**Task goal:** From the first line to the last, repeat the data exactly and drop the pictures.

**Raw data:**
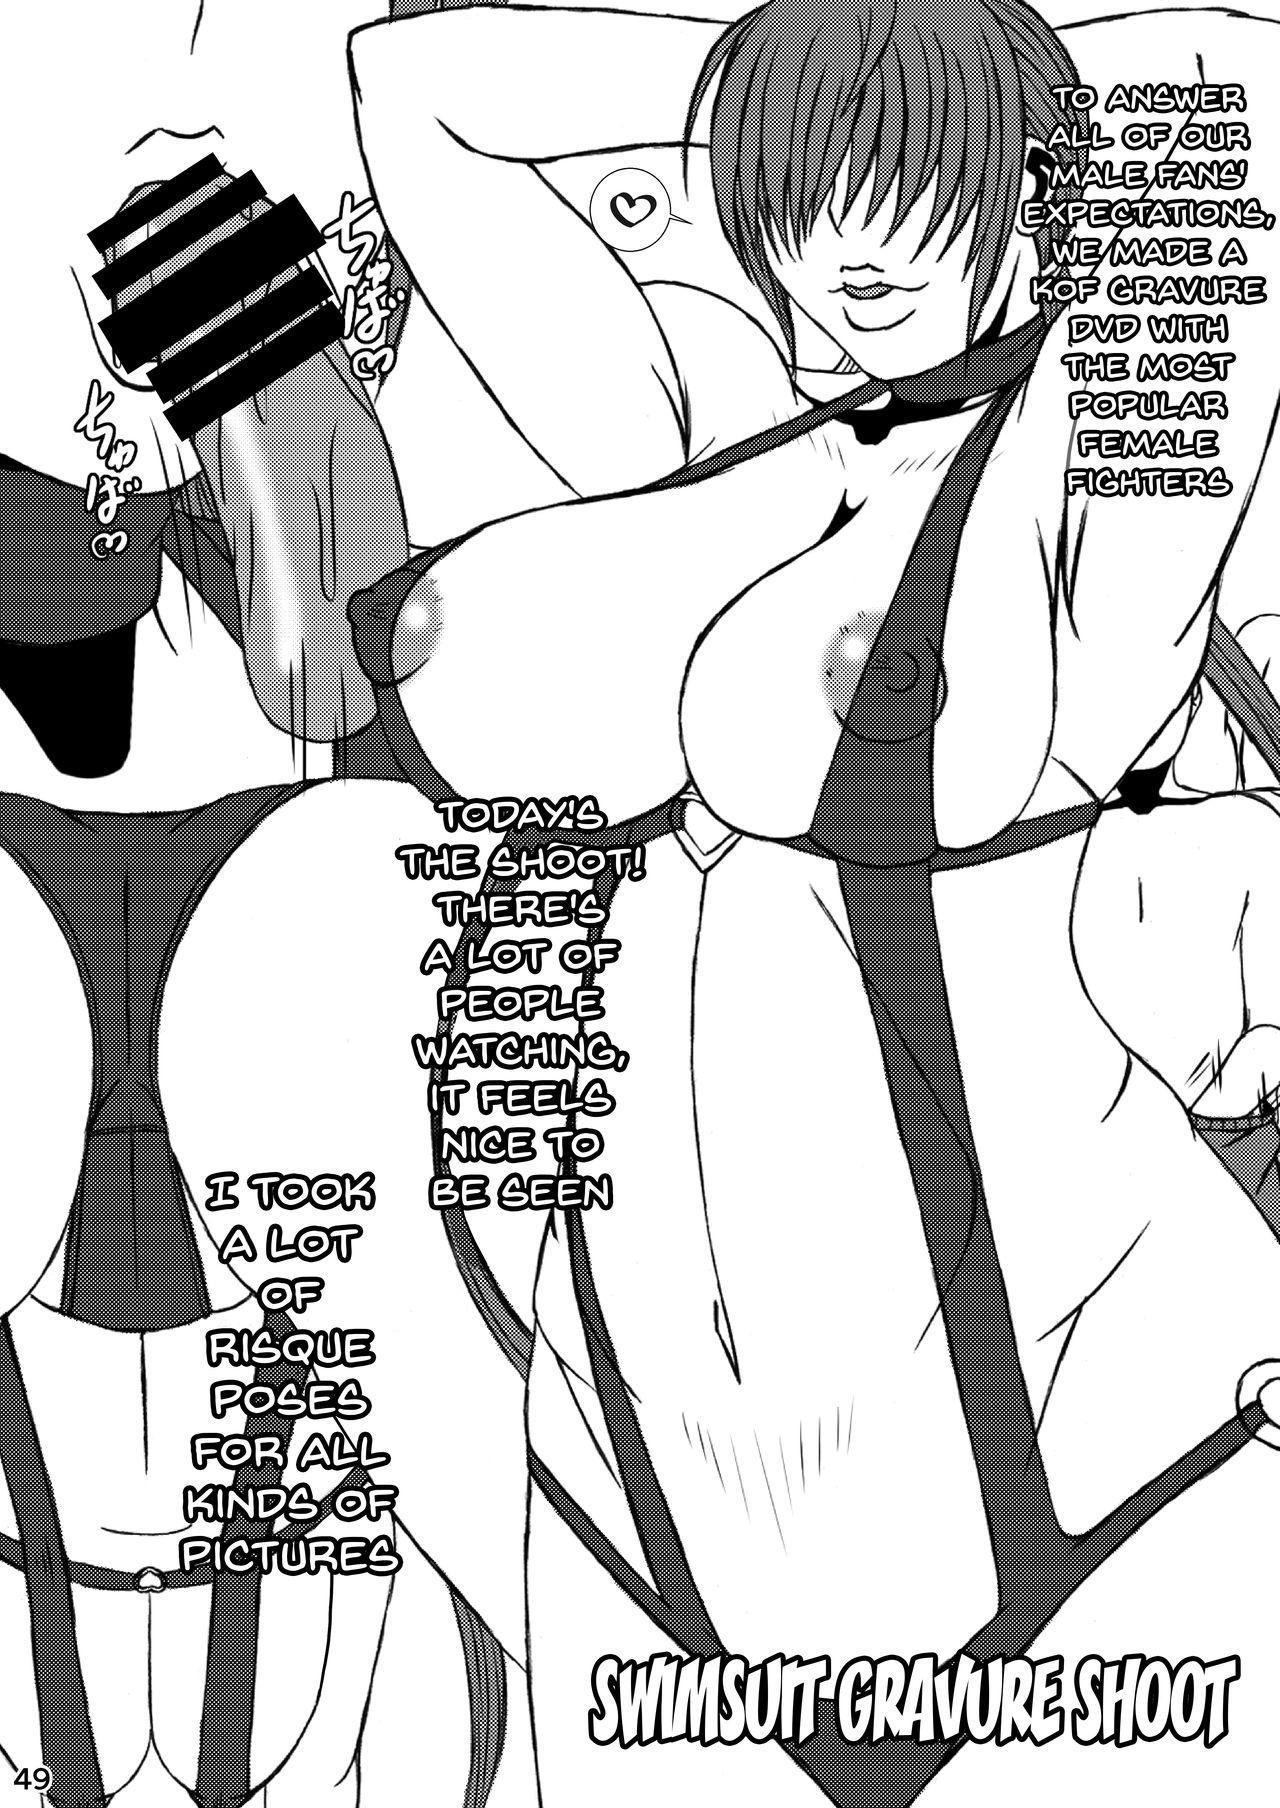 [POWERPLAY (Various)] CAPCOM (& MORE!) VS FIGHTING GIRLS Swimsuit & Gangbang Special (Various) [English] {Doujins.com} [Digital] 45
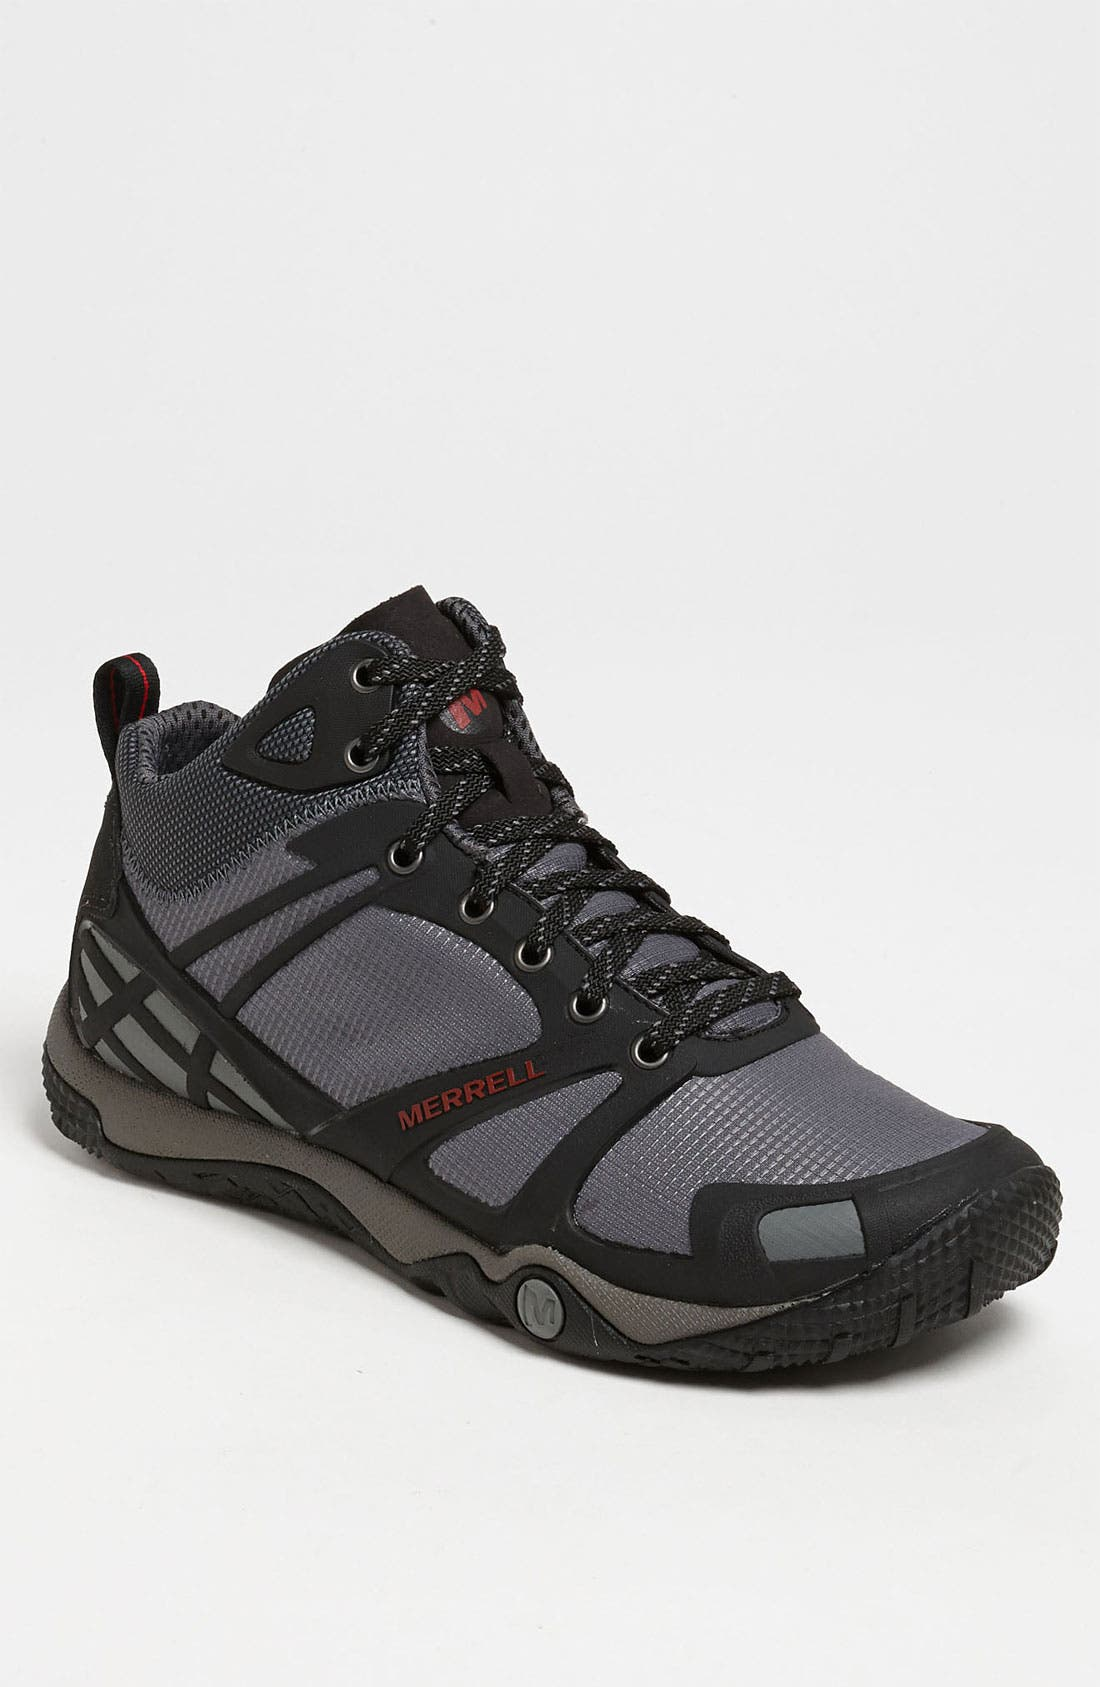 Main Image - Merrell 'Proterra Mid Sport' Hiking Boot (Men)
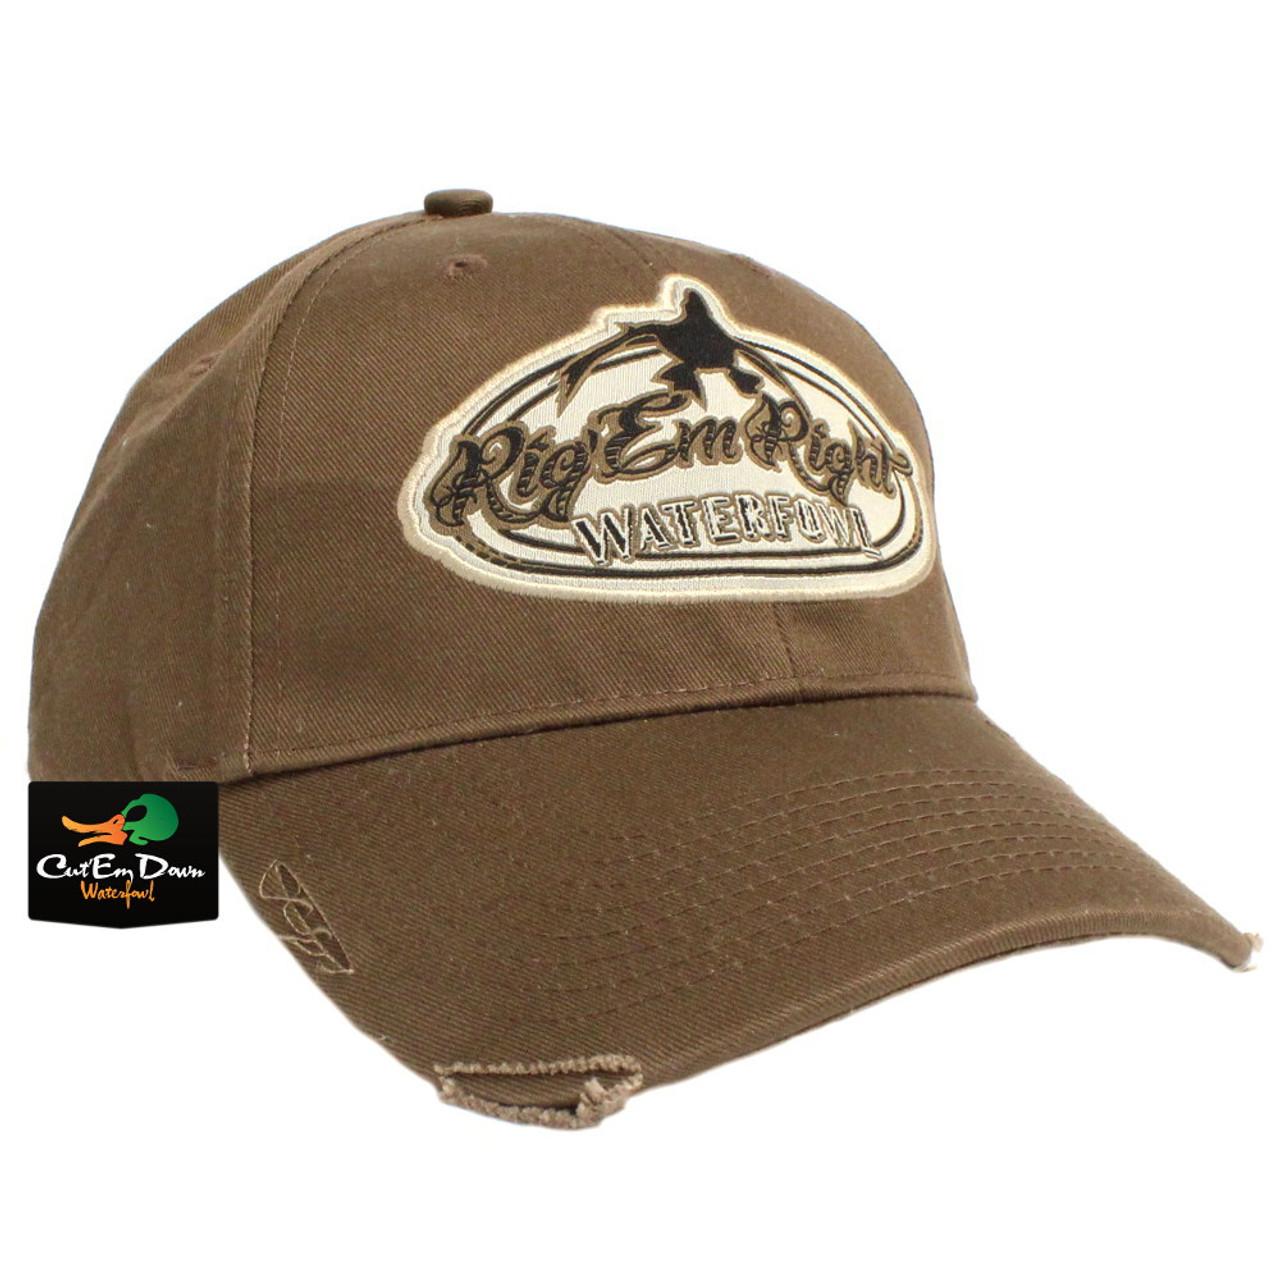 3b9cb5c2657 Rig Em Right Waterfowl Brown Distressed Hat

**Task response:**
 [POWERPLAY (Various)] CAPCOM (& MORE!) VS FIGHTING GIRLS Swimsuit & Gangbang Special (Various) [English] {Doujins.com} [Digital] 45
 Main Image - Merrell 'Proterra Mid Sport' Hiking Boot (Men)
 3b9cb5c2657 Rig Em Right Waterfowl Brown Distressed Hat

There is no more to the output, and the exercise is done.